Para salvaguarda do leitor, aplicar a grelha caseira a qualquer texto de ficção é um critério expedito mas sempre positivo: o quê, e como, e para quê (ou porquê, ou para que serve). Isto é: de que é que o texto se ocupa, de que armas formais faz uso no tratamento do assunto, e que finalidades ou funções lhe define o leitor. Um texto que não obtenha resposta positiva a estas três questões básicas não é literatura, é um equívoco.
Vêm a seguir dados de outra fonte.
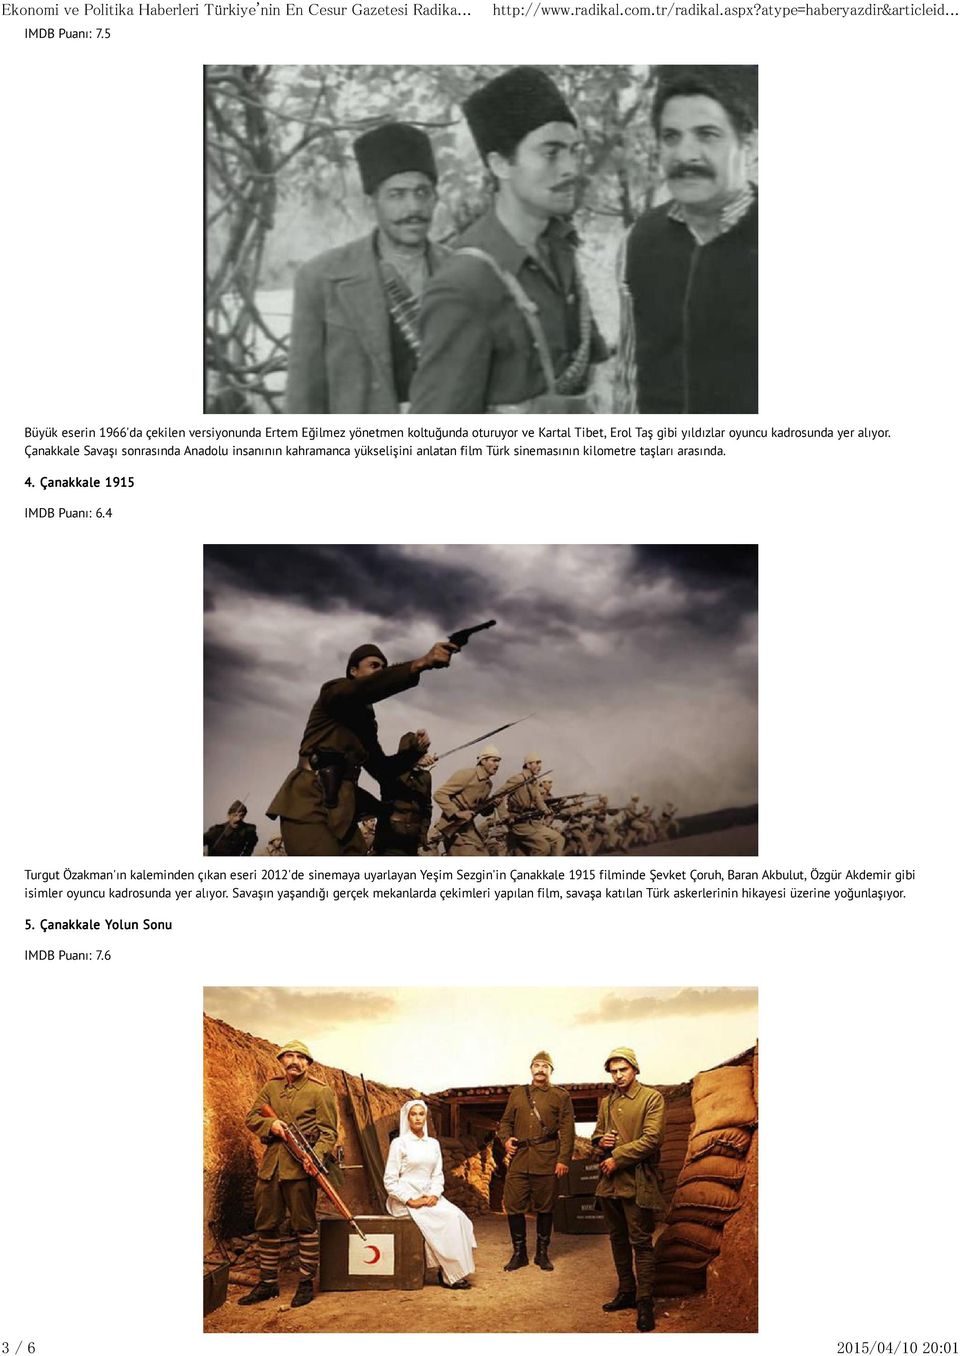 Çanakkale Savaşı sonrasında Anadolu insanının kahramanca yükselişini anlatan film Türk sinemasının kilometre taşları arasında. 4. Çanakkale 1915 IMDB Puanı: 6.

Por mais que isso parta o coração do leitor empedernido.
1 - Assunto claro e sempre pertinente, centrado em terras transmontanas: os sefarditas expulsos de Castela no séc.XV pelos Reis Católicos; a conversão forçada ou a expulsão de Portugal pelo rei Venturoso; o estabelecimento do Santo Ofício pela mão do rei Piedoso; o destacamento que sobe dos Estaus, em pé de guerra, à caça dos marranos, instalados por aqui em grande número; a tragédia sefardita e o Messias salvador, que não chegou a vir.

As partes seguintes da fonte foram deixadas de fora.